' [Birth Mother] First Mother Forum: When a stranger writes to a first/birth mother asking for adoptee contact

Wednesday, December 20, 2017

When a stranger writes to a first/birth mother asking for adoptee contact

"Adopted child contacts birth mother" or adoptee finds birth mother" or What to do when adoptee calls birth mother" are phrases that I imagine some women are Goggling these days as they get a call or letter out of the blue--a call or letter that they thought might never come.

But they do. In a variety of ways. The contact maybe made via letter or phone call, directly or through an intermediary. The other day a distraught woman wrote to us through a comment at the page about writing the first letter to a Birth Mother or Sibling. I am repeating it here because DNA is locating more individuals every day, and there will be more during the holiday season: 

"When I first received the contact letter from a "friend of my daughter" I read it and thought was it another scam like the Nigerian Prince letters looking to get personal info and then scam money out of me?
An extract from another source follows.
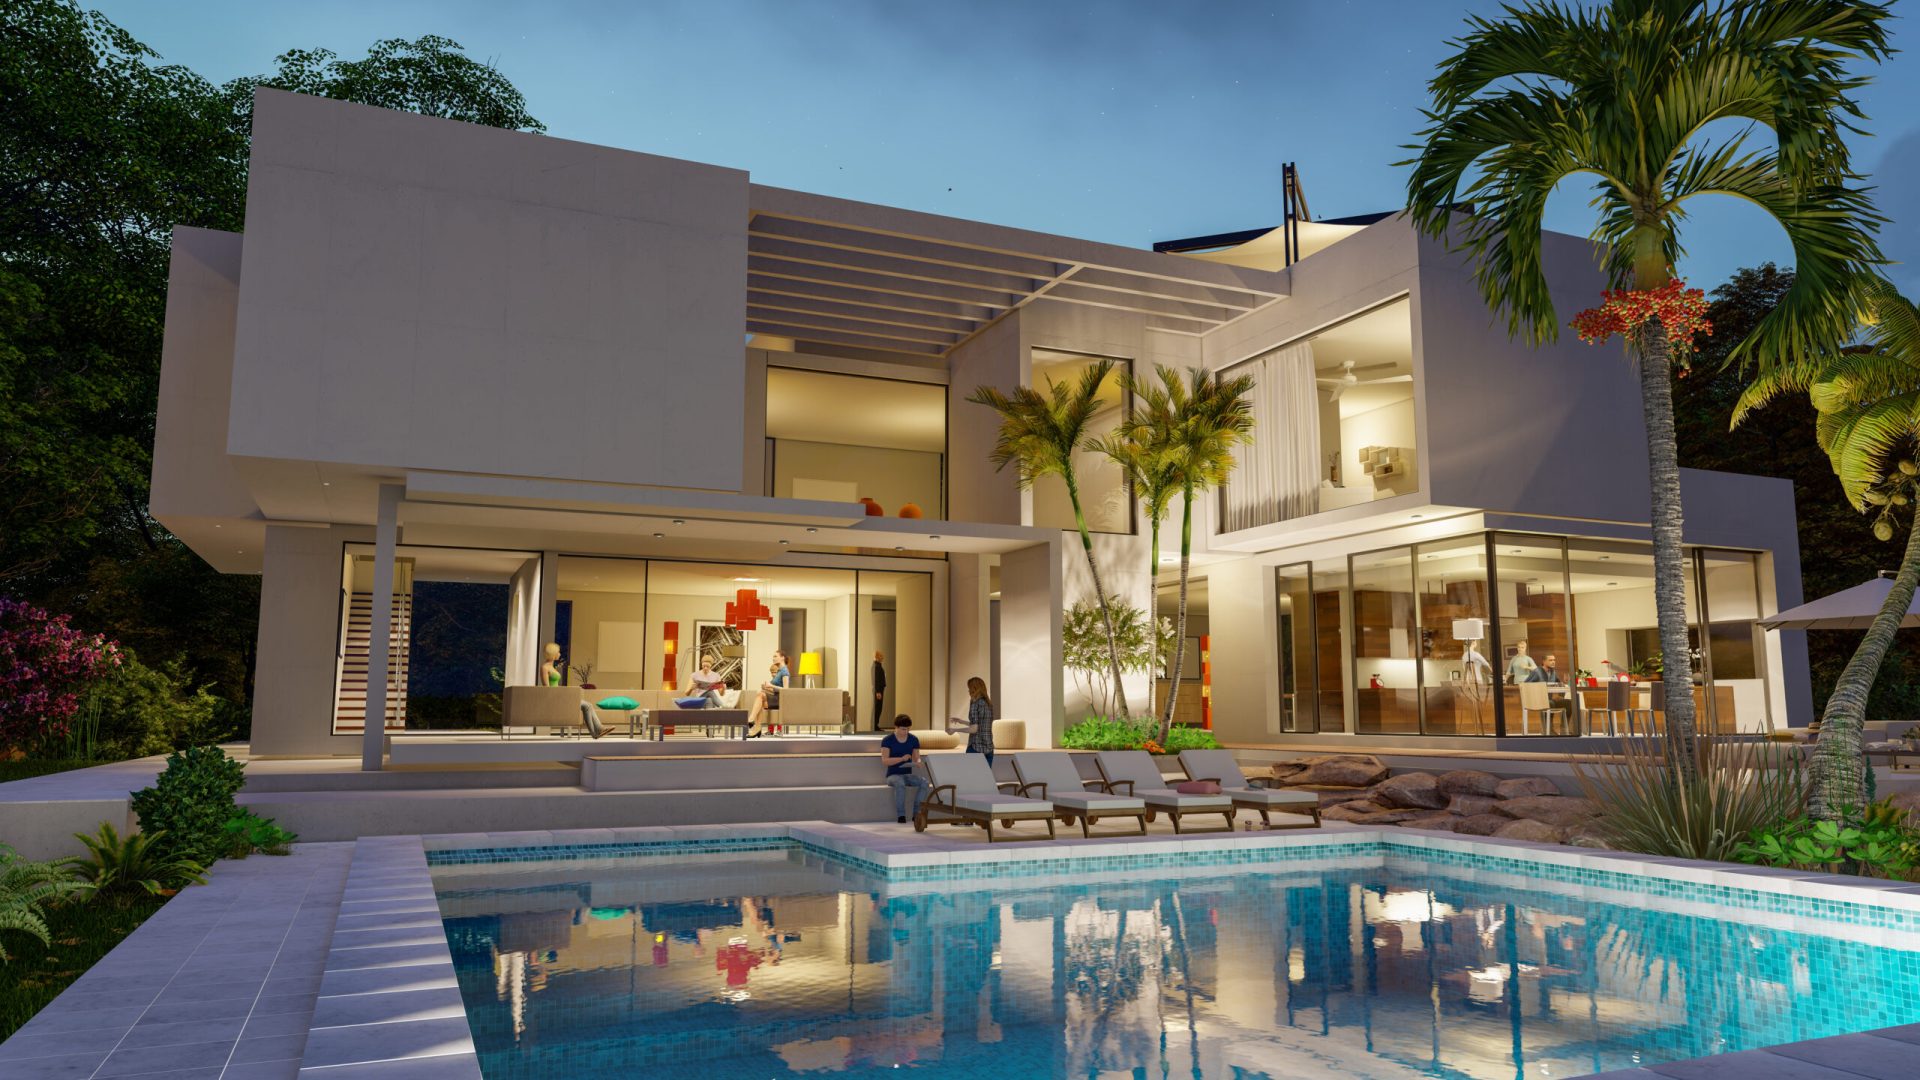 luxury modern villa with pool at dusk

After all in 2017 that does happen. 
"My second thought was why didn't my daughter contact me directly if she had found out this much of my personal information, why use some stranger to contact me? My third thought was that I was told 50 + years ago by the state case worker I could never have contact with my daughter as all records are sealed permanently. Just after that I started crying uncontrollably and I have been crying for days off and on while trying to understand what I am feeling and decide how to proceed.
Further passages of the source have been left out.